In this observational, European, multicenter study, we included 112 CKD3-4 patients from Spain, 171 dialysis patients from Toulouse and La Reunion (France), and 170 CKD5 patients from Sweden. Serum proteome analysis was performed using LC-MS/MS on a subset of 66 CKD3-4 patients. Circulating calprotectin concentration was validated in the serum or plasma from the full cohorts by ELISA. Calprotectin was associated with CV outcome (2-4 years of follow-up) or with vascular calcification score assessed by Von Kossa staining on a piece of epigastric artery collected during renal transplantation surgery. The effect of calprotectin on calcification was measured in primary human vascular smooth muscle cells (VSMCs) and mouse aortic rings. The anticalcific potential of calprotectin inhibitor paquinimod was studied in a 5/6 subtotal nephrectomy mouse model.

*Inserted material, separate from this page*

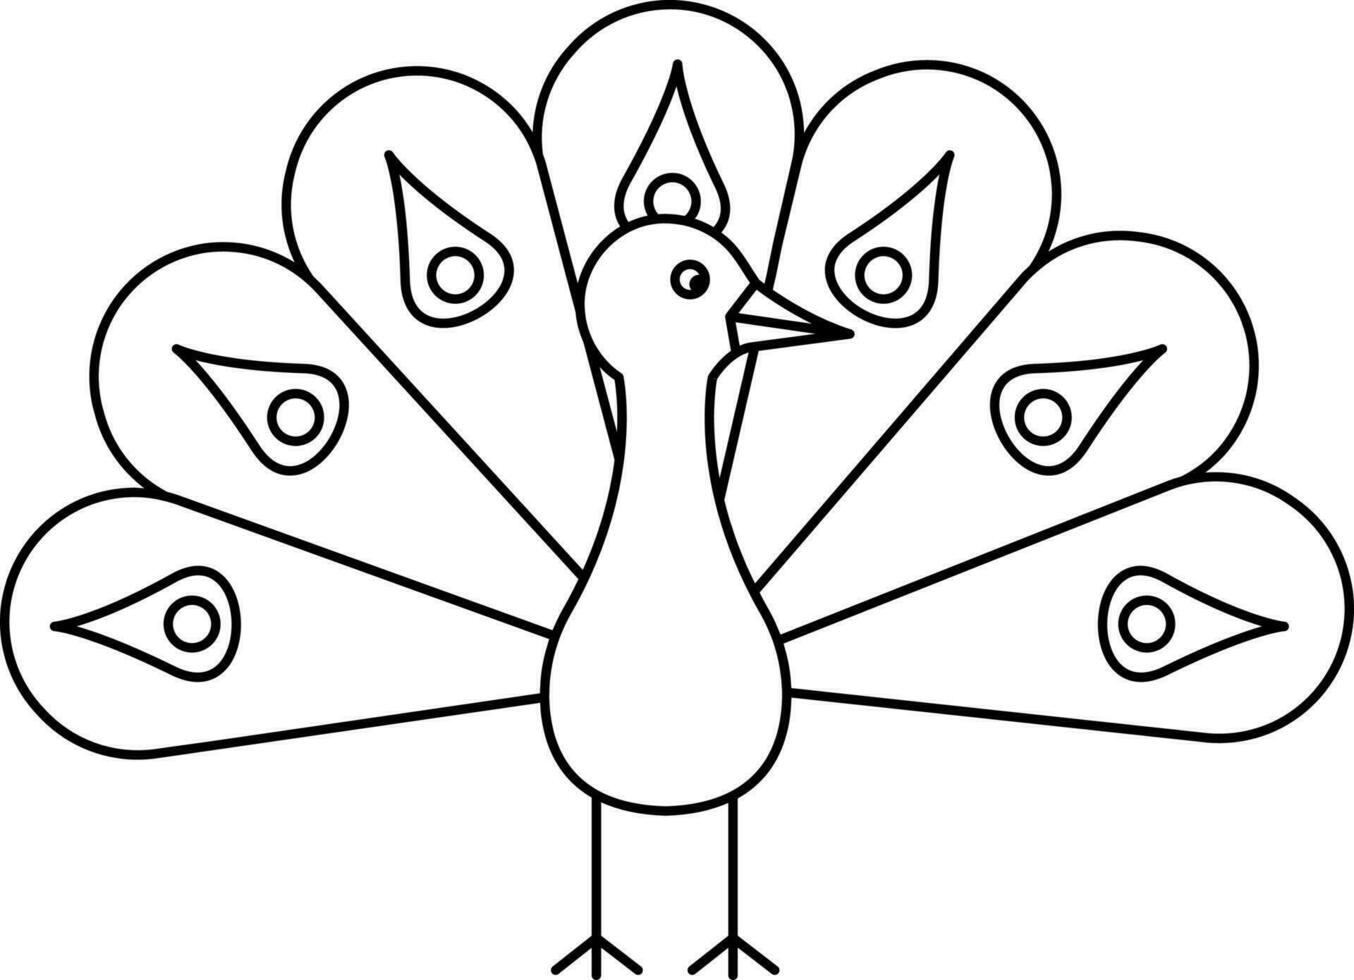 Peacock Cartoon Character Icon In Black Outline. vector

We identified using serum proteome analysis and further validation by ELISA that calprotectin, a circulating damage-associated molecular pattern protein, was associated with vascular calcification, CV outcome and mortality in CKD and dialysis patients. In primary human VSMCs and mouse aortic rings, calprotectin exacerbated calcification. Treatment with paquinimod inhibited the pro-calcifying effect of calprotectin. Paquinimod also ameliorated calcification induced by serum of uremic patients in primary human VSMCs. Finally, treatment with paquinimod blocked vascular calcification in mice with chronic renal failure induced by 5/6 subtotal nephrectomy.


We identified calprotectin as a key factor associated with vascular calcification, CV outcome and mortality in CKD patients. Blockade of calprotectin by paquinimod might be a promising strategy to reduce the burden of vascular calcification in CKD.